And now to the parameters in use:
1. Using FFmpeg with Full hardware-accelerated decoding via nvdec
:
(a). Scaling being done with the scale_npp
filer, available when FFmpeg is built with the proprietary CUDA SDK (when the flags --enable-nonfree --enable-cuda-nvcc --nvccflags="-gencode arch=compute_52,code=sm_52 -O2"
are passed to ./configure
on build time):
Older builds:
ffmpeg -threads 1 -hwaccel nvdec -hwaccel_device 0 -hwaccel_output_format cuda -i input.avi \
-vf 'scale_npp=w=1920:h=1080:interp_algo=lanczos' -c:v h264_nvenc \
-gpu:v 0 -cq:v 21 -rc:v vbr -preset:v fast \
-b:v 0 -maxrate:v 5000K -bufsize:v 5000K -c:a aac -b:a 160k -movflags +faststart -f mp4 output.mp4
Current builds:
ffmpeg -threads 1 -hwaccel nvdec -hwaccel_device 0 -hwaccel_output_format cuda -i input.avi \
-vf 'scale_npp=w=1920:h=1080:interp_algo=lanczos' -c:v h264_nvenc \
-gpu:v 0 -cq:v 21 -rc:v vbr -tune:v ll -preset:v p1 \
-b:v 0 -maxrate:v 5000K -bufsize:v 5000K -c:a aac -b:a 160k -movflags +faststart -f mp4 output.mp4
(b).

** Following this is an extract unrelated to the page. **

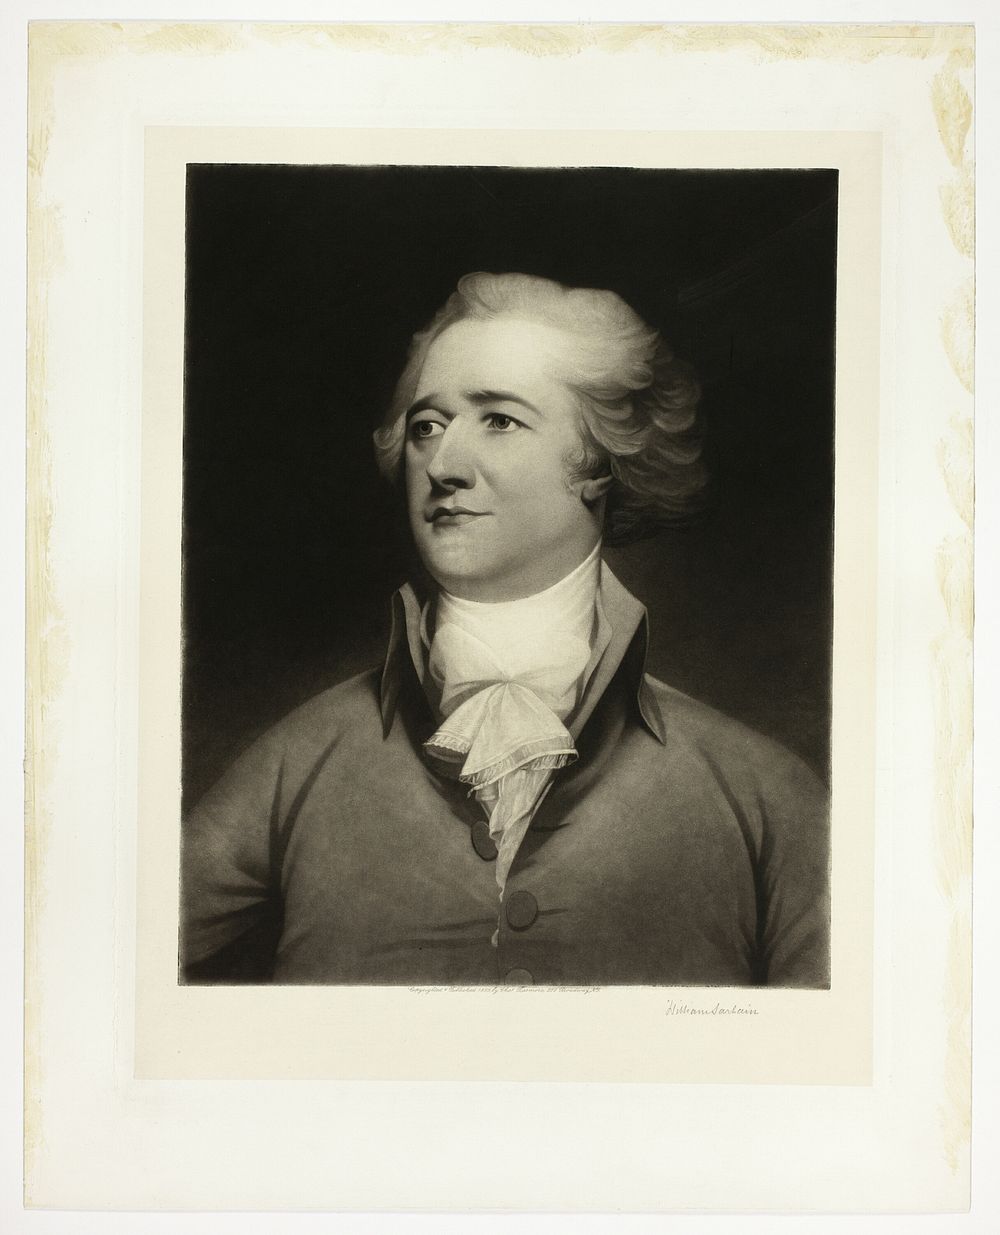 Portrait of Alexander Hamilton by William Sartain

Scaling being done with the scale_cuda
filer, available when FFmpeg is built with the clang back-end configured as the nvcc
generator through llvm
(when the flags --enable-cuda-llvm --nvccflags="--cuda-gpu-arch=sm_52 -O2"
are passed to ./configure
on build time):
Older builds:
ffmpeg -threads 1 -hwaccel nvdec -hwaccel_device 0 -hwaccel_output_format cuda -i input.avi \
-vf 'scale_cuda=w=1920:h=1080' -c:v h264_nvenc \
-gpu:v 0 -cq:v 21 -rc:v vbr -preset:v fast \
-b:v 0 -maxrate:v 5000K -bufsize:v 5000K -c:a aac -b:a 160k -movflags +faststart -f mp4 output.mp4
Current builds:
ffmpeg -threads 1 -hwaccel nvdec -hwaccel_device 0 -hwaccel_output_format cuda -i input.avi \
-vf 'scale_cuda=w=1920:h=1080' -c:v h264_nvenc \
-gpu:v 0 -cq:v 21 -rc:v vbr -tune:v ll -preset:v p1 \
-b:v 0 -maxrate:v 5000K -bufsize:v 5000K -c:a aac -b:a 160k -movflags +faststart -f mp4 output.mp4
2. Using software-based decode fallback:
Note that GPU allocation is done via the filter hwupload_cuda=0
which initializes a CUDA HWContext bound to GPU 0 for all scaling operations, and for the h264_nvenc
encoder wrapper, the private option -gpu:v 0
follows.
(a). Using the scale_npp
filter:
Older builds:
ffmpeg -threads 2 -i input.avi -vf 'hwupload_cuda=0,scale_npp=w=1920:h=1080:interp_algo=lanczos' \
-c:v h264_nvenc -gpu:v 0 -cq:v 21 -rc:v vbr -preset:v fast -b:v 0 \
-maxrate:v 5000K -bufsize:v 5000K -c:a aac -b:a 160k -movflags +faststart -f mp4 output.mp4
Current builds:
ffmpeg -threads 2 -i input.avi -vf 'hwupload_cuda=0,scale_npp=w=1920:h=1080:interp_algo=lanczos' \
-c:v h264_nvenc -gpu:v 0 -cq:v 21 -rc:v vbr -tune:v ll -preset:v p1 -b:v 0 \
-maxrate:v 5000K -bufsize:v 5000K -c:a aac -b:a 160k -movflags +faststart -f mp4 output.mp4
(b). Using the scale_cuda
filter:
Older builds:
ffmpeg -threads 2 -i input.avi -vf 'hwupload_cuda=0,scale_cuda=w=1920:h=1080' \
-c:v h264_nvenc -gpu:v 0 -cq:v 21 -rc:v vbr -preset:v fast -b:v 0 \
-maxrate:v 5000K -bufsize:v 5000K -c:a aac -b:a 160k -movflags +faststart -f mp4 output.mp4
Current builds:
ffmpeg -threads 2 -i input.avi -vf 'hwupload_cuda=0,scale_cuda=w=1920:h=1080' \
-c:v h264_nvenc -gpu:v 0 -cq:v 21 -rc:v vbr -tune:v ll -preset:v p1 -b:v 0 \
-maxrate:v 5000K -bufsize:v 5000K -c:a aac -b:a 160k -movflags +faststart -f mp4 output.mp4
Kindly test and report back with your findings.